Quatre ans plus tard, le nombre de réclamations reçues par le Défenseur des droits pour ces raisons est considérable, et le droit des étrangers est devenu le premier motif de saisine de l’institution. En 2023, ces demandes représentaient 28 % des réclamations reçues, et plus de 75 % d’entre-elles concernaient des difficultés rencontrées avec les services préfectoraux, dans le cadre d’une première demande ou de renouvellement d’un titre de séjour.

Un outil aux nombreuses limites

Ces nombreuses réclamations montrent que l’ANEF, malgré des avancées certaines et les ambitions du projet, ne tient pas ses promesses de simplification des démarches des usagers, de fluidification des circuits et des procédures, et d’optimisation des logiciels utilisés par les agents préfectoraux.

Problèmes techniques persistants, choix ou impensés dans la conception de l’outil sources de difficultés, déploiement parcellaire et manque d’informations aux usagers… Déployé au terme d’expérimentations insuffisantes, l’outil souffre de nombreuses limitations et de dysfonctionnements qui affectent tant le dépôt que l’instruction des demandes de titres.

Le Défenseur des droits observe également dans ses réclamations que les services d’accueil et d’accompagnement spécifiques, notamment pour les personnes éloignées du numérique – le Centre de contact citoyen (CCC) et les Points d’accueil numériques (PAN) – ne permettent pas de surmonter les difficultés : échanges infructueux, complexité d’accès, manque de qualification du personnel, manque d’effectifs, etc.

Des atteintes graves aux droits des usagers

Lorsqu’une personne ne peut pas accéder à une démarche, ou la finaliser, elle risque de se retrouver en situation irrégulière, sans titre de séjour, alors même qu’elle en remplirait les conditions légales.

Les dysfonctionnements de l’ANEF ont donc des répercussions très concrètes sur la vie des personnes étrangères.
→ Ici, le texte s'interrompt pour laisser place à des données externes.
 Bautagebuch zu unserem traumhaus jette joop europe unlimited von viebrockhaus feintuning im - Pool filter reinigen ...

Perdre son droit au séjour peut entraîner une perte d’emploi, la suspension des prestations sociales, des difficultés d’accès aux soins, ou encore des ruptures dans la scolarisation des enfants. Ces situations engendrent des atteintes graves aux droits, comme le droit de mener une vie privée et familiale normale, le droit de propriété, l’intérêt supérieur de l’enfant…
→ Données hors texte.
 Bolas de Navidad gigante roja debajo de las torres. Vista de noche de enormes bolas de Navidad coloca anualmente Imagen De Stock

Les recommandations du Défenseur des droits

  • L’ampleur et la gravité des atteintes constatées par le Défenseur des droits imposent l’adoption de mesures urgentes. Face à cette situation, l’institution formule 14 recommandations essentielles pour garantir l’accès aux droits des usagers, notamment :
  • Intégrer dans le Code de l’entrée et du séjour des étrangers et du droit d’asile une disposition reconnaissant le droit de réaliser toute démarche par un canal non dématérialisé, sans condition préalable,
  • Automatiser le renouvellement automatique des attestations de prolongation d’instruction (API) et créer, pour les personnes sollicitant la régularisation de leur situation administrative, une attestation dématérialisée créatrice de droits délivrée après vérification de la complétude du dossier,
  • Améliorer l’information donnée aux usagers sur les sites internet des préfectures, quant aux modalités de dépôt des demandes de titres et la mettre à jour régulièrement.
  • Sans remettre en cause le principe même de l’ouverture d’une voie dématérialisée pour le dépôt des demandes de titres de séjour, ces recommandations mettent en avant les modifications qui s’imposent pour faire de l’ANEF un véritable outil de simplification, au service de ses usagers.